The augmentation of the global digital economy has created new economic opportunities, making data an indispensable component in the provision of an efficacious panacea to the challenges associated with Sustainable Development Goals (SDGs). Digitization of the economy has proved to be a force for innovation, unrestrained growth in productivity and a stratagem for improving socio-economic outcomes. As highlighted in the Digital Economy Report 2019[1] of the United Nations Conference on Trade and Development (UNCTAD) – depending on the scope, the digital economy accounts for about 4.5% to 15.5% of the global Gross Domestic Product (GDP) with the United States and China contributing close to 40% of the world total – the highest added value in the Information and Communication Technology (ICT) sector.

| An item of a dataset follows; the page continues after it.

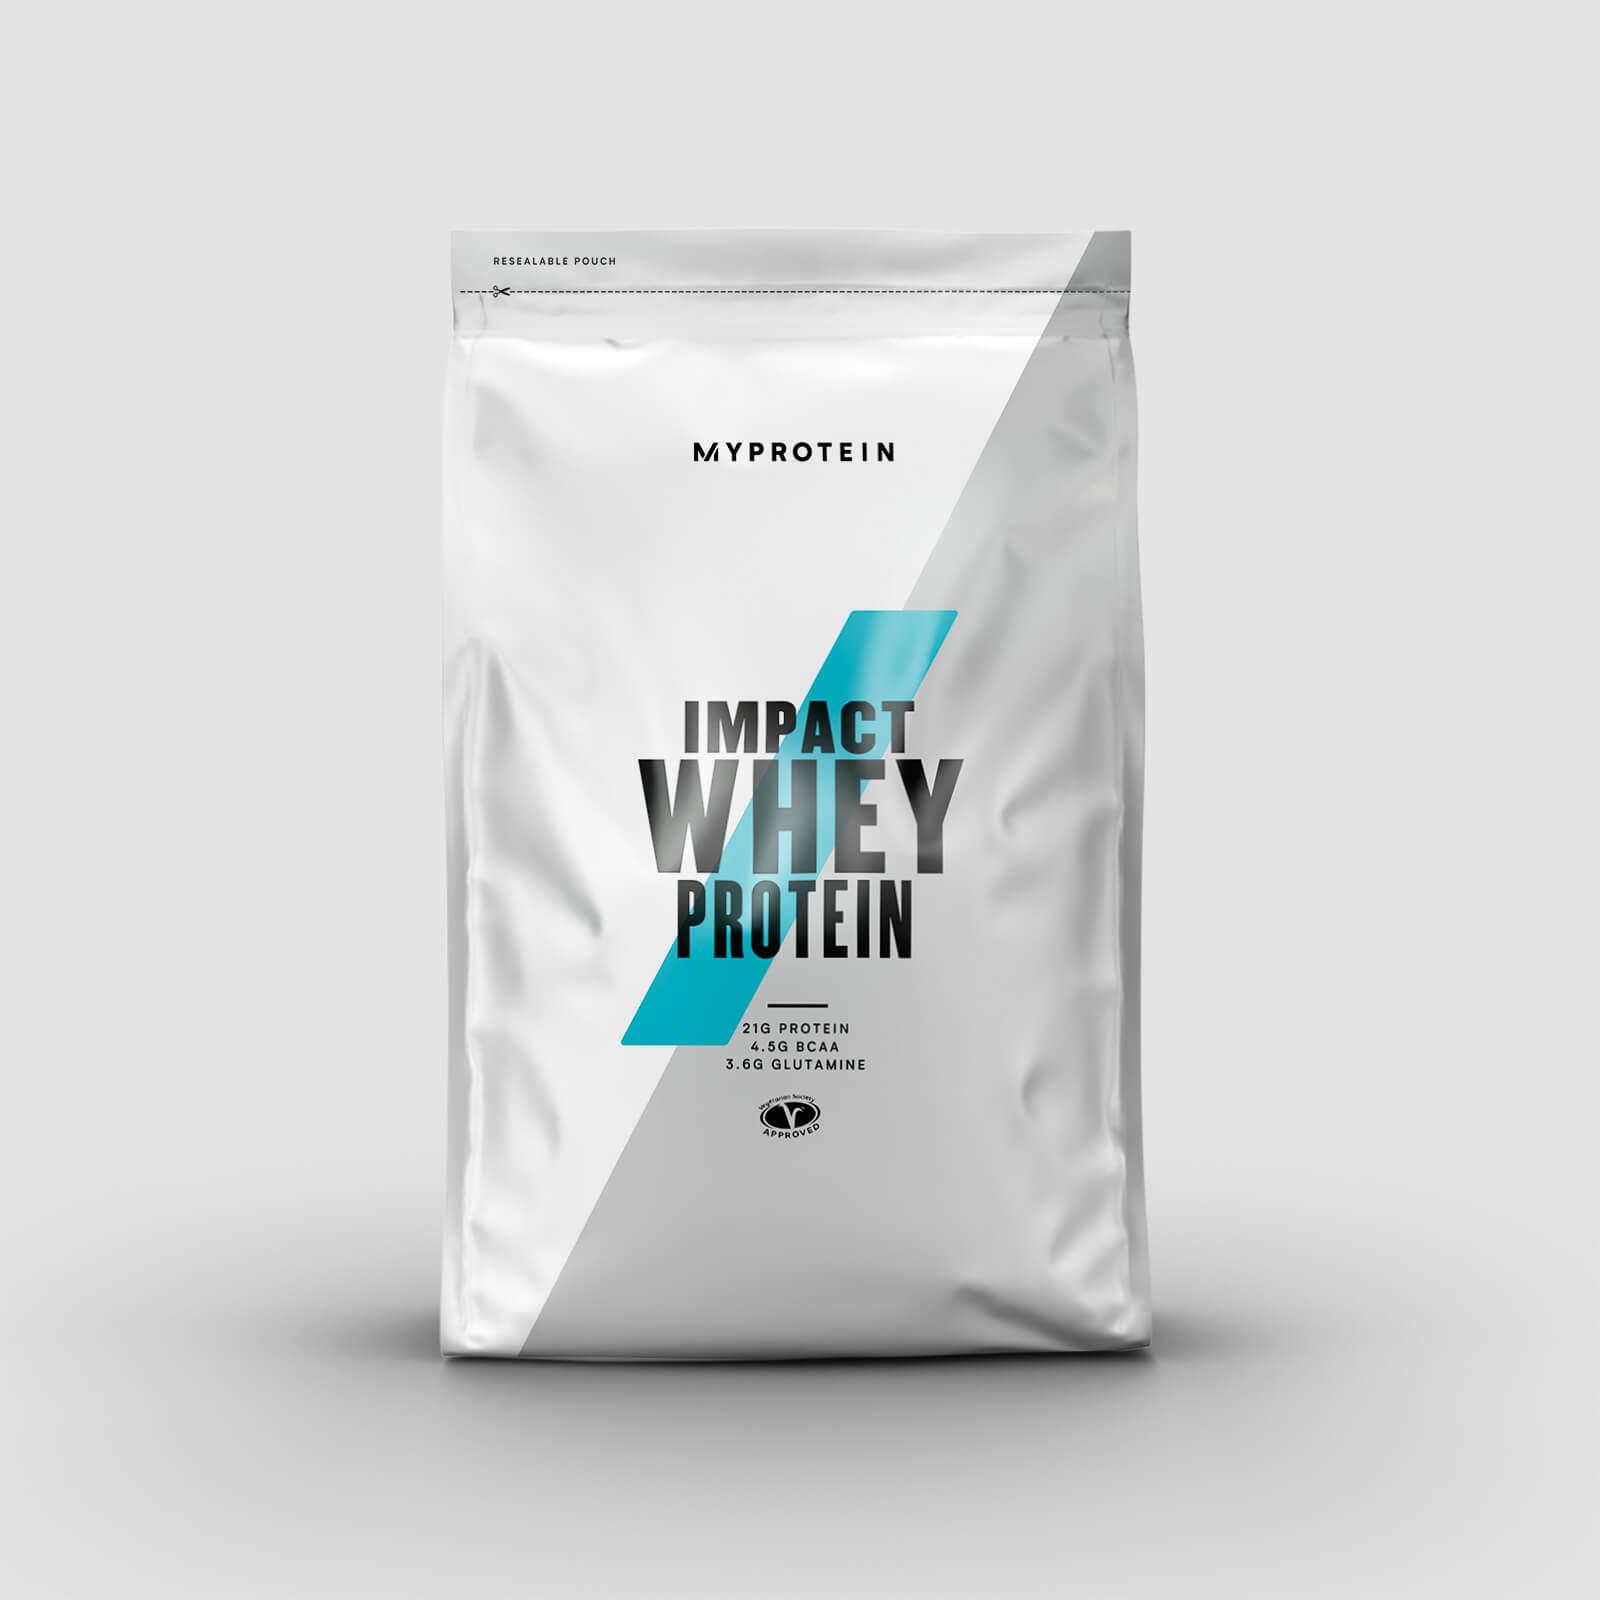 Myprotein Impact Whey Protein - 1kg - Dark Chocolate & Salted Caramel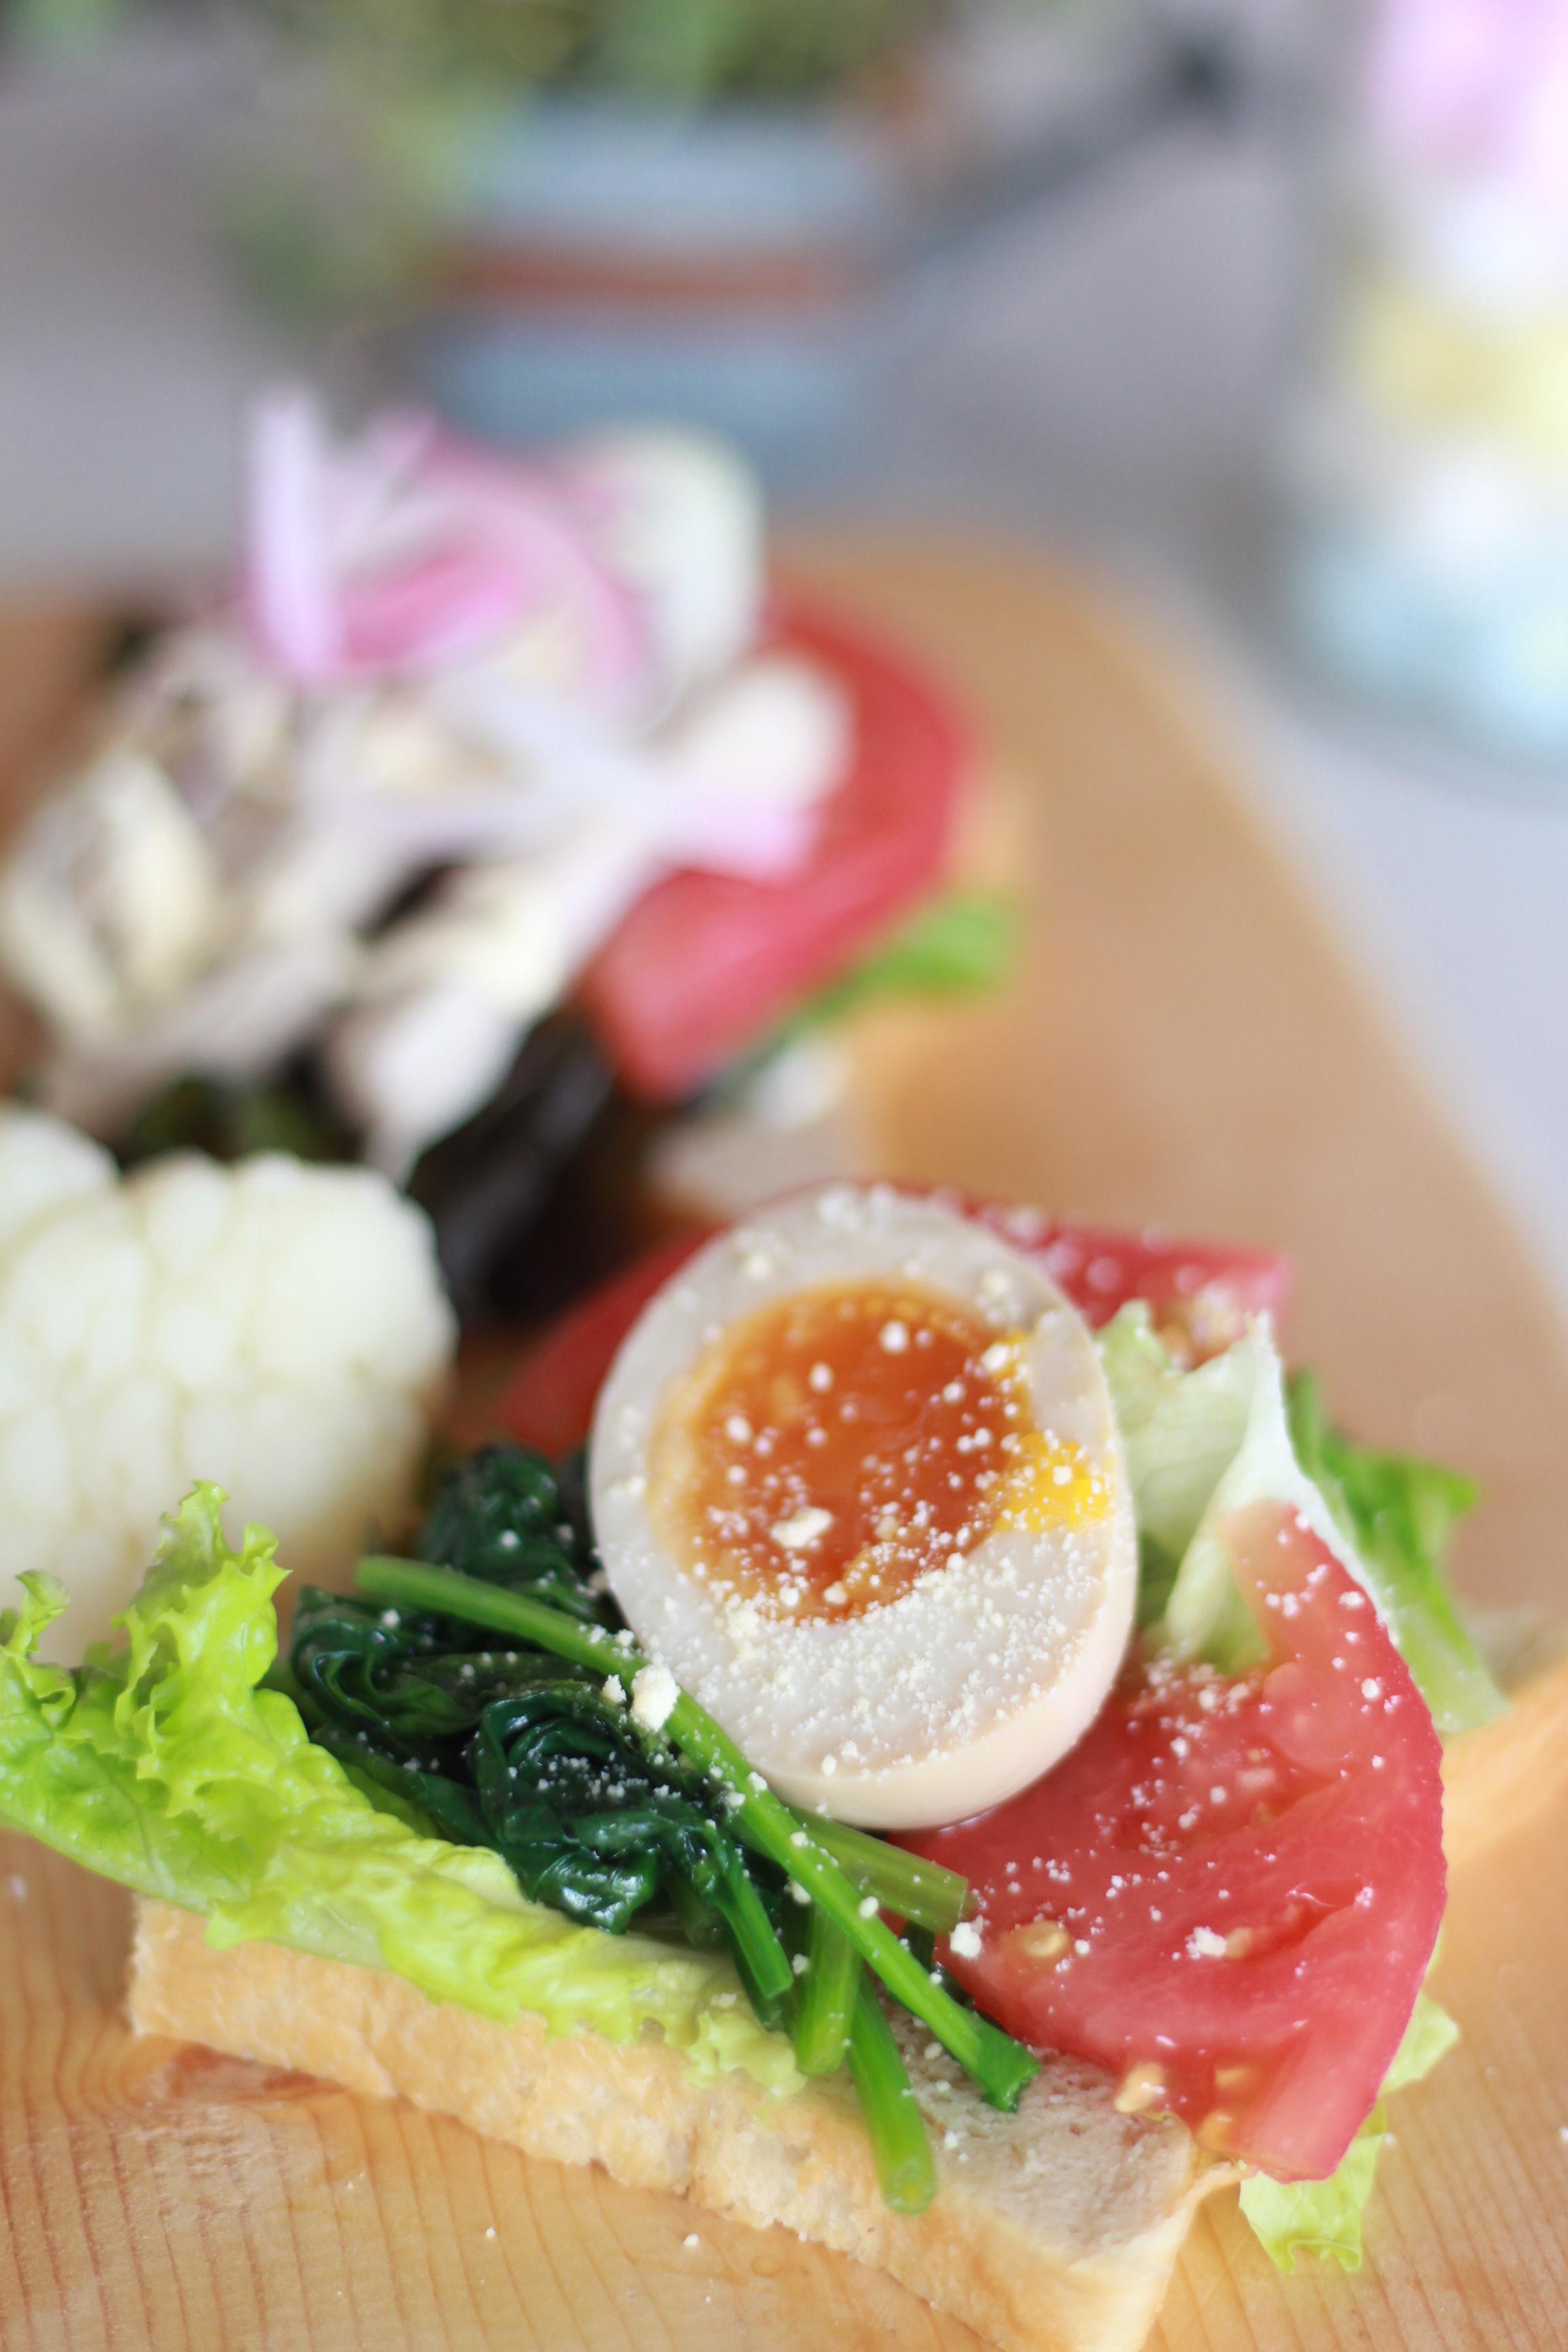 京都江部粉・糖質制限角食。a-ta-sante糖質制限パン料理教室。阿倍野区西田辺。

Between 2010 and 2015, global employment in the ICT sector increased from 34 million to 39 million, respectively.

Thus, ICT sector’s share of total employment increased from 1.8% in 2010 to 2% in 2015 – computer services contributed 38%, representing the largest share in the ICT sector. Evidently, digitization of the global economy has yielded tremendous results – In the last decade, global export of ICT services and other related services that can be delivered in digital forms have grown faster than the overall services export.

For instance, in 2018, the global value for digitally deliverable services exports was US$2.9trillion, thus 50% of global services exports. In Least Developed Countries (LDCs), digitally deliverable services accounted for about 16% of total services exports – the increase in value in 2018 is more than three times the amount recorded in 2005. Digitization fosters economic growth in both developing and developed countries – In a published report of PricewaterhouseCoopers[2], digitization contributed US$193billion to the world economic output and created 6 million jobs in 2011.

The report further revealed that the impact of digitization is not the same for all economies – Digitization has a greater impact on economic growth in developed countries than in developing countries but developing countries experience a higher growth in employment. According to the World Bank[3], African countries can record an increase in per capita by 1.5 percentage points per year, and also reduce poverty headcount by 0.7 percentage points per year if the targets for the Digital Economy Transformation Initiative are achieved.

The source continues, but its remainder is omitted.